**SOURCE MATERIAL:**
◇ ◇ ◇ ◇ ◇ ◇ ◇

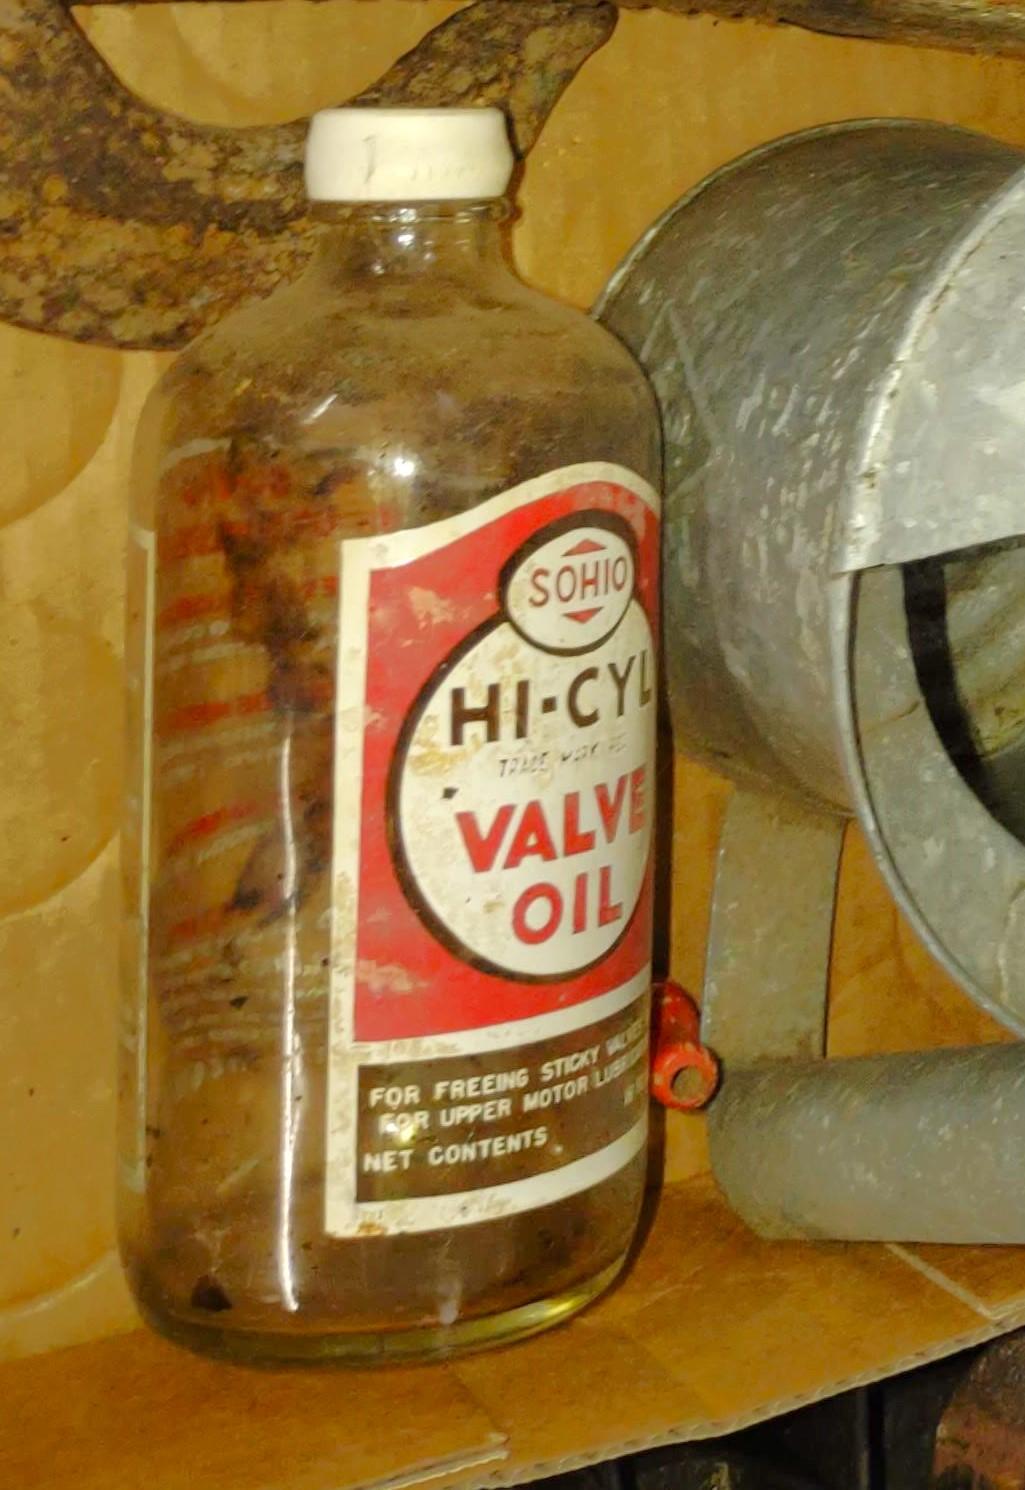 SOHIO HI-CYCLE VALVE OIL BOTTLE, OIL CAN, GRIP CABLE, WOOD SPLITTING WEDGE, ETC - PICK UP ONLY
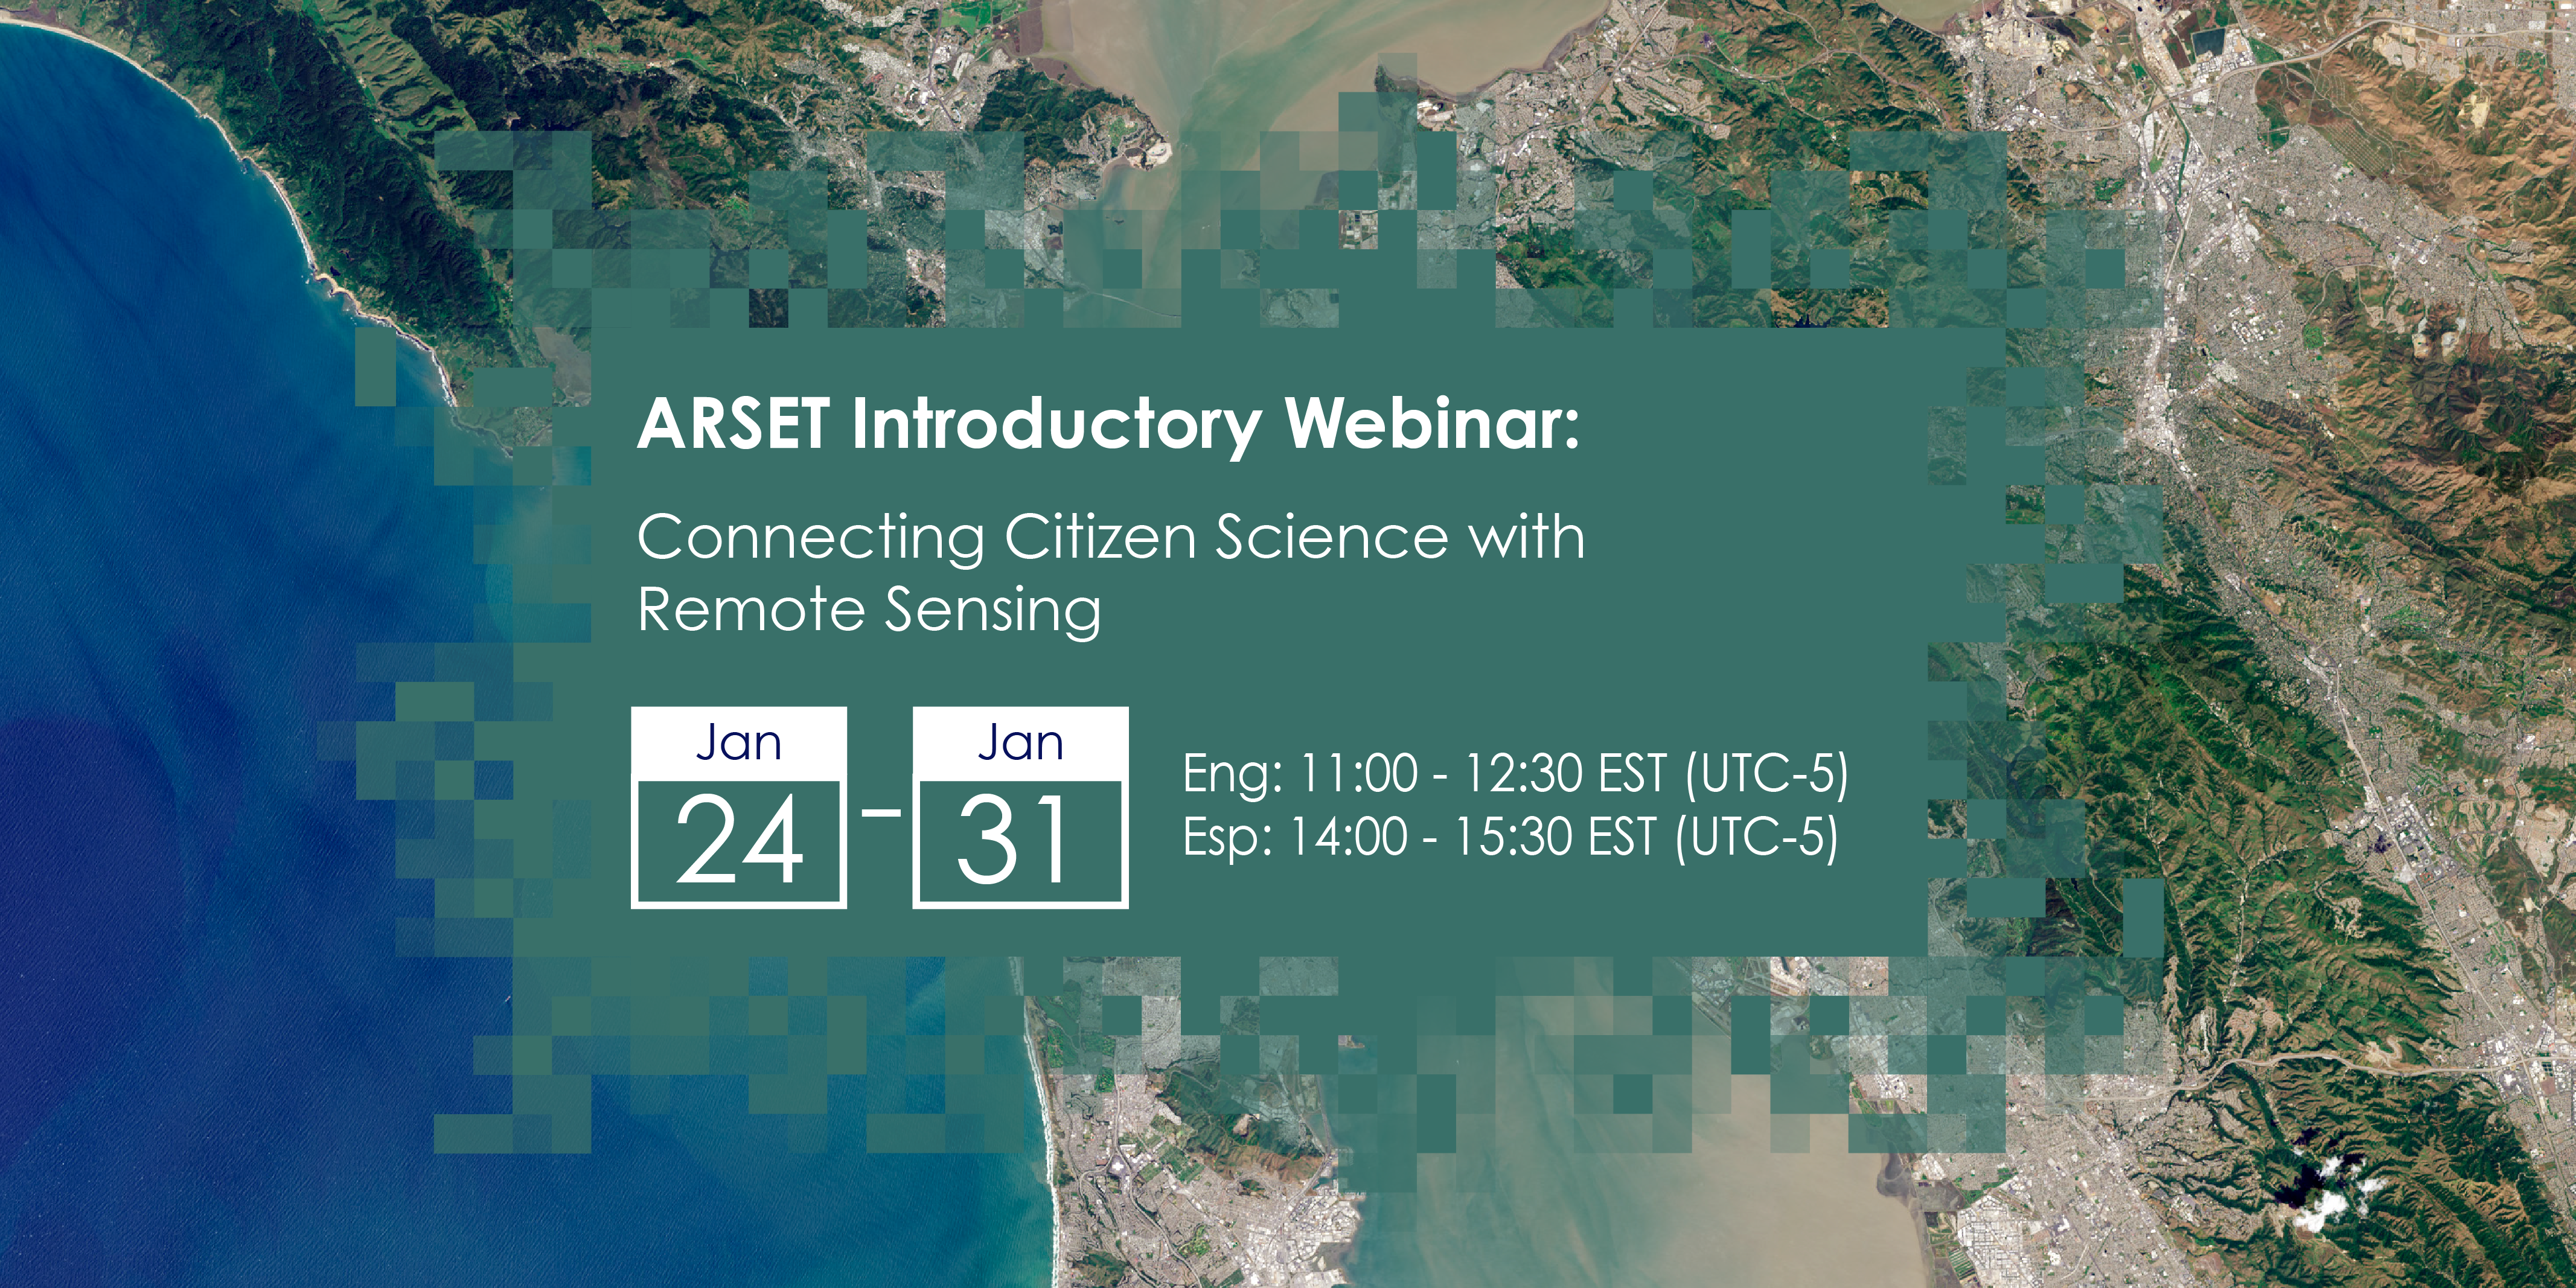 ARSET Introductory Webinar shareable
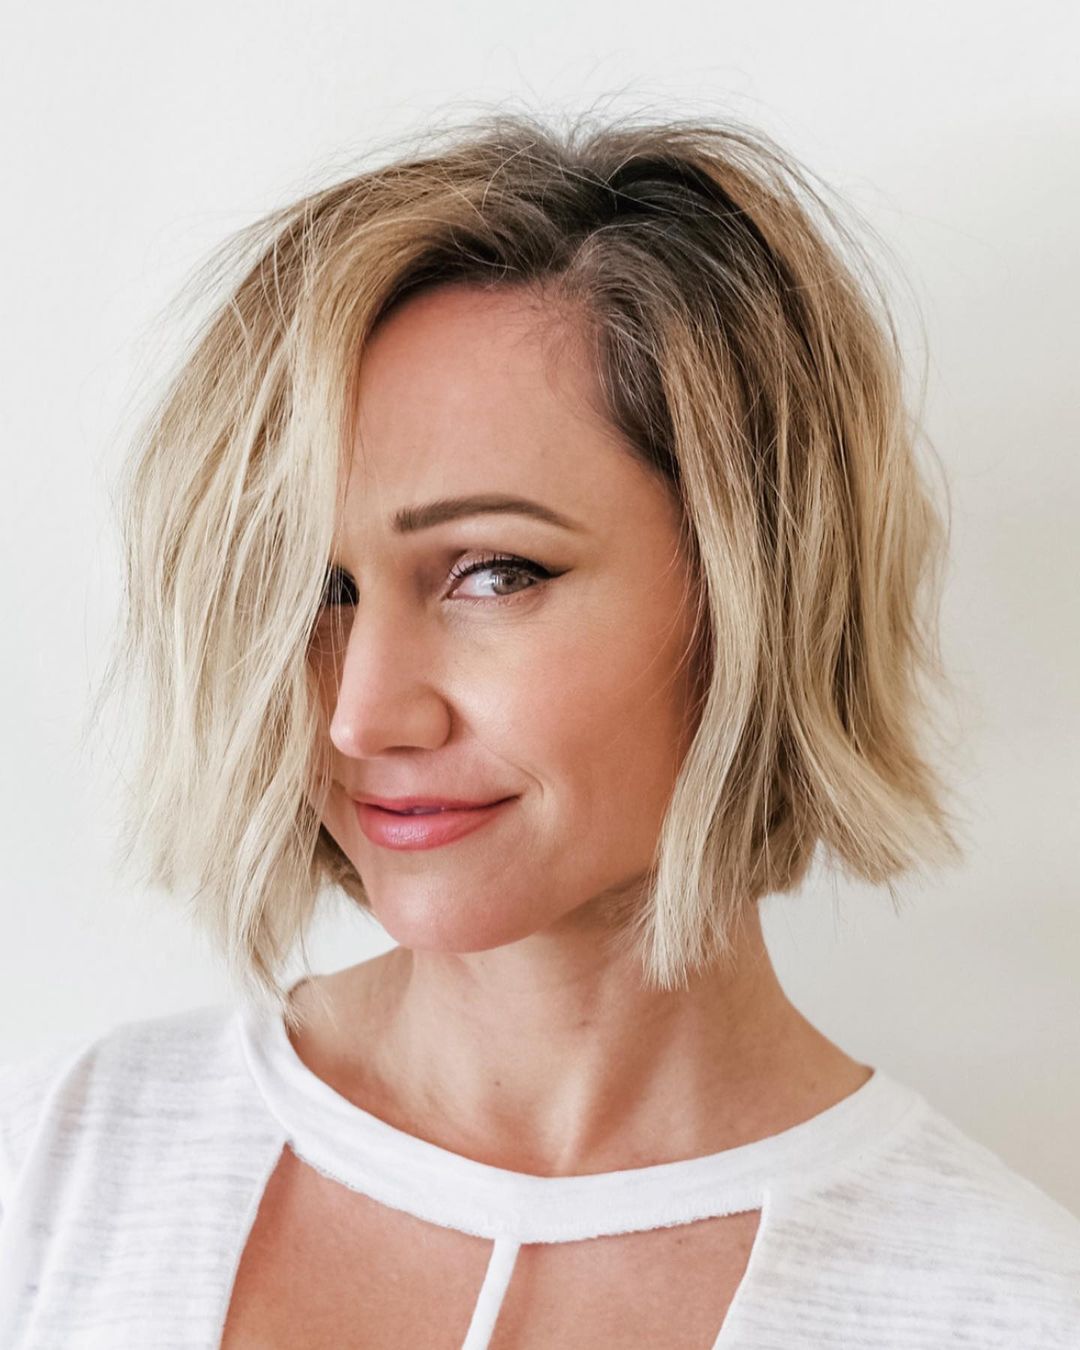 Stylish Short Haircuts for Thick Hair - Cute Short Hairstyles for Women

◇ ◇ ◇ ◇ ◇ ◇ ◇

**PROBLEM DESCRIPTION:**
The copy must start at the line containing "ARSET Introductory Webinar shareable" and stop at the last line of the listing, both included, with every line exact and no pictures.

**SOLUTION BELOW:**
 ARSET Introductory Webinar shareable
 Stylish Short Haircuts for Thick Hair - Cute Short Hairstyles for Women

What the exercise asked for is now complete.